Murray v. Klinzing

64 Conn. 78 | Conn. | 1894

Andrews, C. J.

Most of the questions raised at the trial by the plaintiff’s counsel are settled by the finding of facts. Only two remain for this court to examine. The first of these is whether the writing in of the consideration in the *85deed of April 5th, 1888, was a material alteration which rendered that deed void.

Every deed which is effectual to convey land must be upon consideration. Thus it is stated in Blackstone’s Commentaries, Yol. 2, at page 296, where the requisites of a deed are mentioned:—“Secondly, the deed must be founded upon good and sufficient consideration. * * * A deed also, or other grant, made without any consideration, is, as it were, of no effect; for it is construed to enure, or to be effectual on y to the use of the grantor himself.” But the deed of April 5th, was upon a consideration sufficient to rebut a resulting trust. The word “ dollars ” without any numbers prefixed is enough for that purpose.

An alteration to a deed, to render it void, must be a material one; that is one that causes the deed to speak a language different in legal effect from that which it spoke originally. 1 Greenleaf Ev., § 565. The necessity of a consideration in a deed is to prevent a trust resulting in favor of the grantor, and one valuable consideration does this as well as another. Changing the amount of the consideration does not cause the deed to speak a language differing in its legal effect. Such an alteration is not a material one. Belden v. Seymour, 8 Conn., 304; Meeker v. Meeker, 16 id., 387; Vose v.
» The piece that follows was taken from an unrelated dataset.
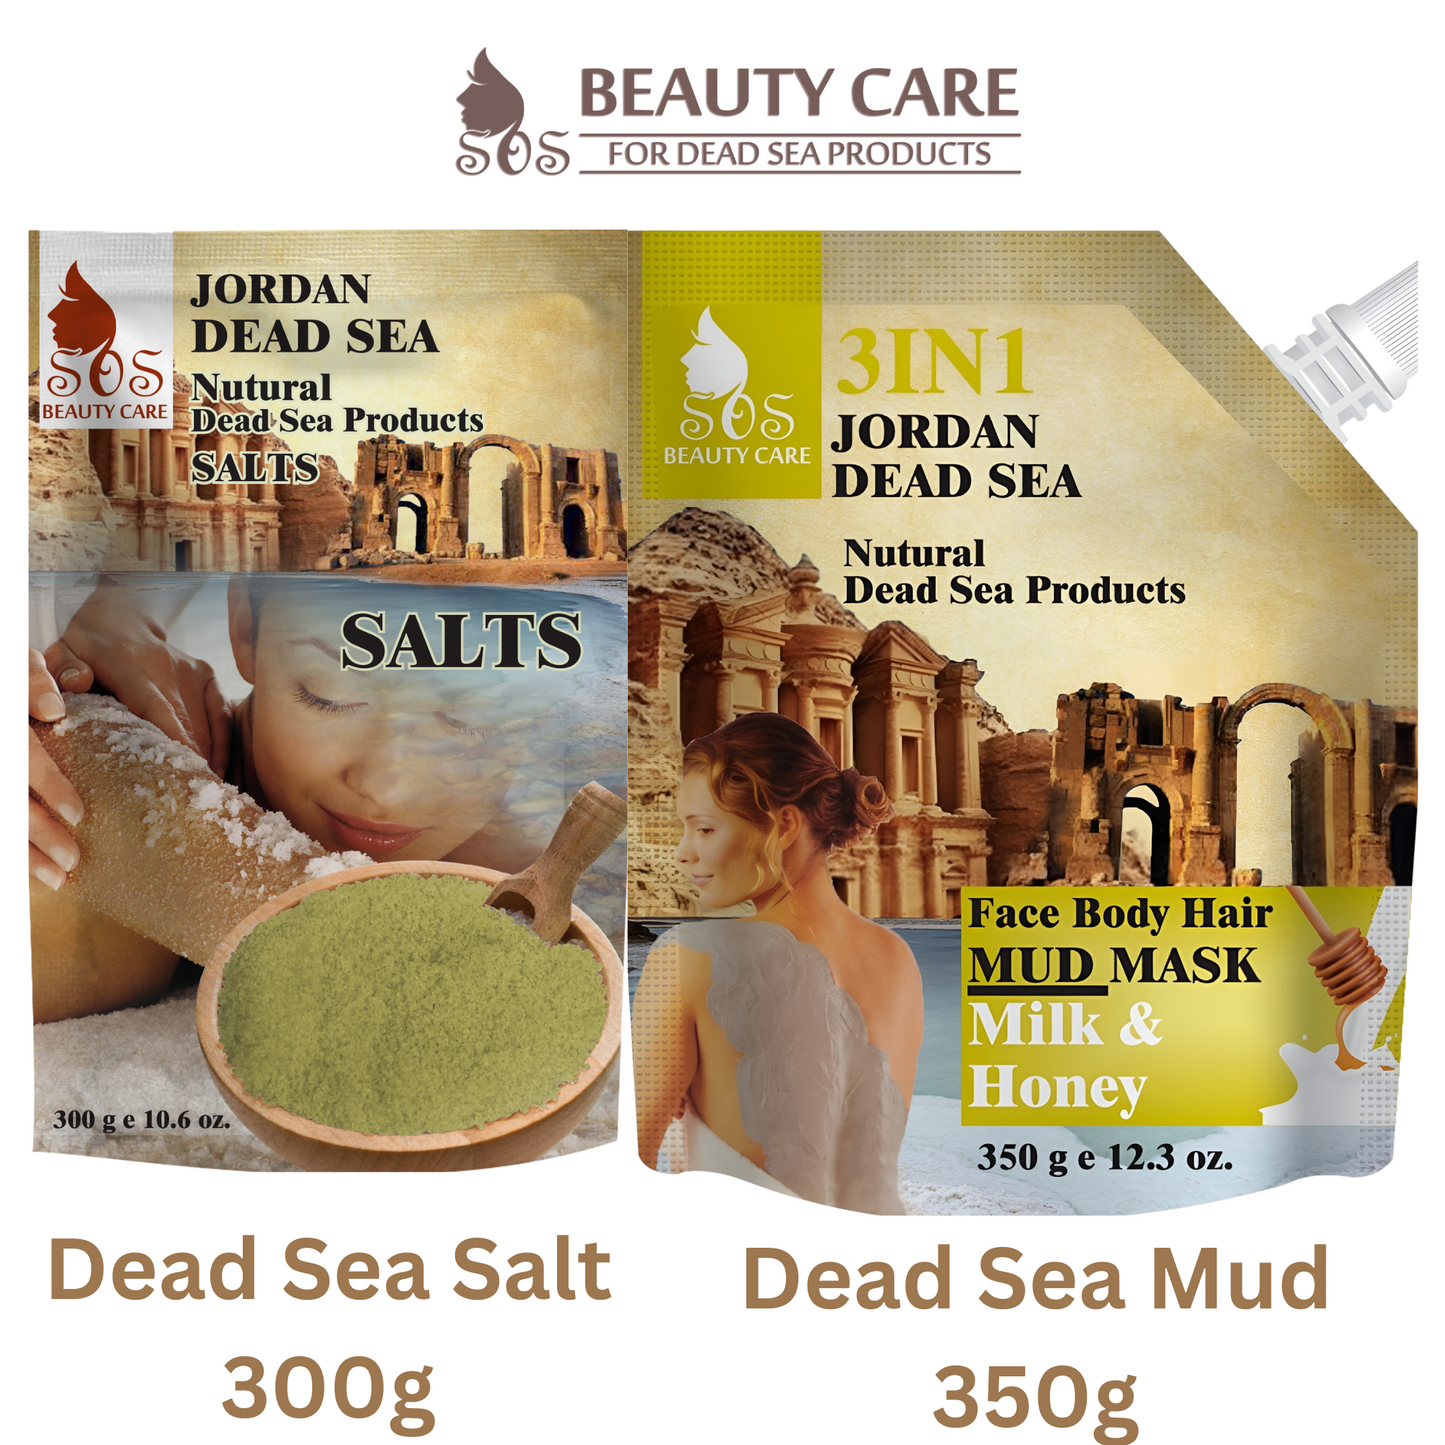 Dead Sea Mud Mask & Salt Offer | 350g Mud & 300g Salt
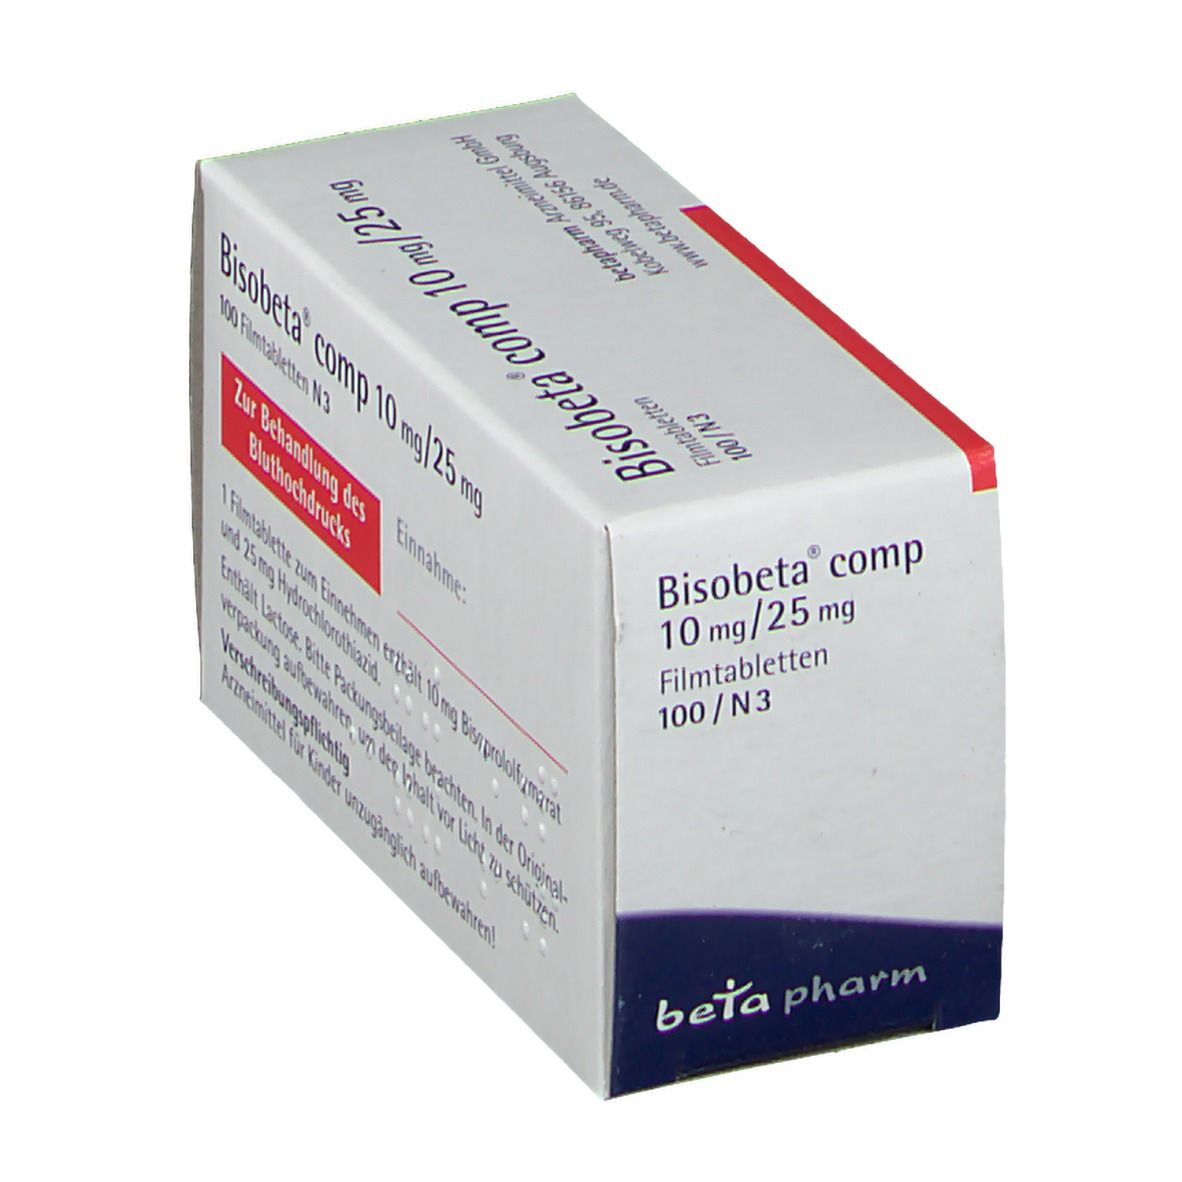 Bisobeta® comp 10 mg/25 mg

Bolan, 108 Mass., 155. In many cases after delivery blanks may be filled up so as to complete the grantor’s intention. Devin v. Himer, 29 Iowa, 297; Clark v. Allen, 34 id., 190; Field v. Stagg, 52 Mo., 534; Waugh v. Bussell, 5 Taunton, 707; Eagleton v. Gutteridge, 11 M. & W., 465; West v. Seward, 14 id., 47.

The second is whether the court erred in treating the map on the deed as a part of the description of the land therein intended to be conveyed. The court so treated the map and held that the plaintiff had conveyed to the railway company the right to a highway on the north side of its land. The plaintiff’s counsel admits that such a course would be correct if there had been in the deed an express reference to the map. But he insists that in absénce of such a reference it was error for the court to do so. We are not able to agree with the *86counsel. Where a map or a diagram is drawn on a deed in such relation to or connected with the words of the deed as to indicate to any reasonable person that the grantor intended it to be taken as a part of the description, then no reference is needed. It is entirely a question as to what the grantor intended to convey. If the map is on another paper a reference might be necessary in order to identify it. When the map is on the deed itself, the court of necessity must examine it and from it taken together with the words of description determine what the deed conveys.

There is no error.

In this opinion the other judges concurred.